Fourier frequencies, and particularly complex ones, are best thought about in terms of oscillating exponentials rather than sines and cosines. That is, you express the function of interest $f(t)$ as some sort of superposition (sum, series, or integral transform) of complex exponentials $e^{-i\omega t}$: $$ f(t)=\sum_\omega\!\!\!\!\!\!\!\!\int \,a_\omega \times e^{-i\omega t}. $$

Now, if your system is not closed for some reason and your modes decay (which is roughly what happens in quasinormal modes, but it also happens in a number of other settings, such as metastable resonances in quantum mechanics), then you can easily incorporate this by making the complex exponential have a bit of decaying exponential.

Thus, if your frequency $\omega$ has a negative imaginary part, so $\omega=\omega_0-i\gamma$ then each complex exponential can be written as $$e^{-i\omega t}=e^{-i\omega_0 t}e^{-\gamma t}$$ and there you have your decay.

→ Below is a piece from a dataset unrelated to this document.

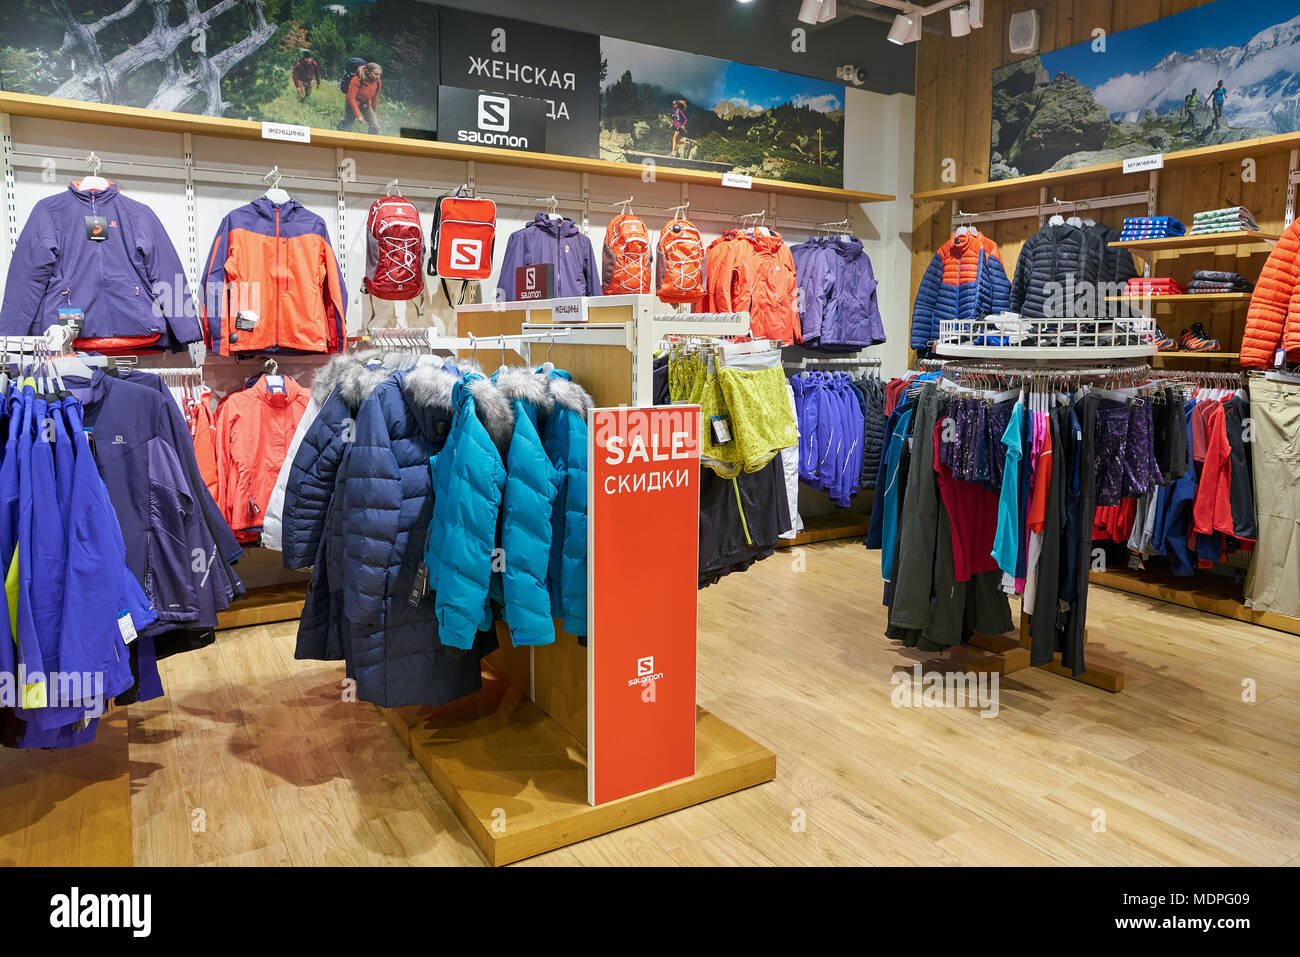 SAINT PETERSBURG, RUSSIA - CIRCA OCTOBER, 2017: inside Salomon store in Saint Petersburg. The Salomon Group is a sports equipment manufacturing compan Photo - Alamy

In essence, having a complex frequency allows you to encompass, using a single parameter, the oscillatory character of the mode and its decay properties. You don't have to start talking about complex numbers and you could keep both parameters separate, but this is always the way with complex numbers. You have two real numbers, $\omega_0$ and $\gamma$, such that your solution behaves as $$ e^{-i(\omega_0-i\gamma)t}. $$ I would say it is hard-headed not to recognize a combination of the form $\omega_0-i\gamma$ as a single complex number, but it is indeed doable, and you then have in practice twice as many parameters to keep track of. But, by this stage, it is all semantics.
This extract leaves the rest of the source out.